Critics point out other omissions, including the lack of fingerprint or ballistics reports. The most common criticism, however, is that the FBI arrived at the crime scene three days after Kaiser's death. In reporting that there were no footprints or tire tracks indicating the presence of anyone but the victim, FBI officials acknowledged that they were relying on evidence gathered by Kenyan police, the very agency whose lack of credibility had made it necessary to call in the FBI.
There is no other official account of the crime scene, because the autopsy team was not allowed access to it. And although FBI officials called Kenyan police work at the scene adequate, the officers failed to retrieve all of the priest's remains. Two weeks after Kaiser died, a nun presented Kituyi with a skull fragment more than two inches square.
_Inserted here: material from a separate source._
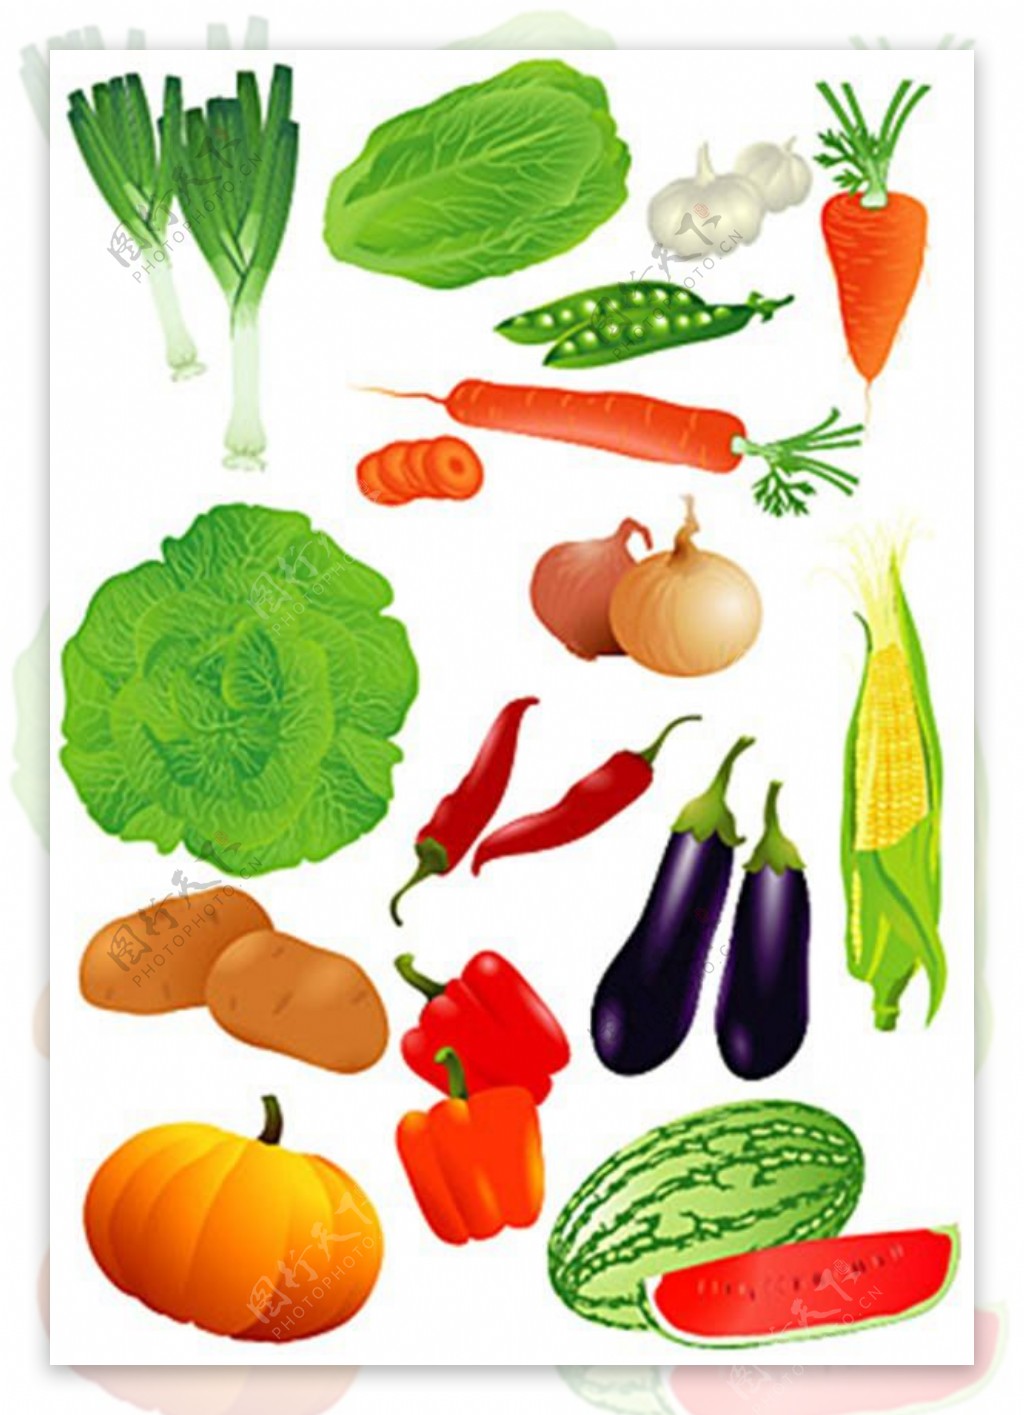 水果蔬菜矢量素材

The nun had wanted to keep it as a relic, as part of a campaign to make Kaiser a saint.
Embassy officials, who spoke on condition they would not be identified, said they do not expect the controversy to recede.
"The FBI was invited in because we thought he was murdered and we thought we were going to catch a big fish," said one embassy official. "We knew when the suicide theory reared its head that that was the worst possible outcome. The FBI does expect people to trust them. They're not prepared for the Kenyan mind-set that engages in conspiracies everywhere."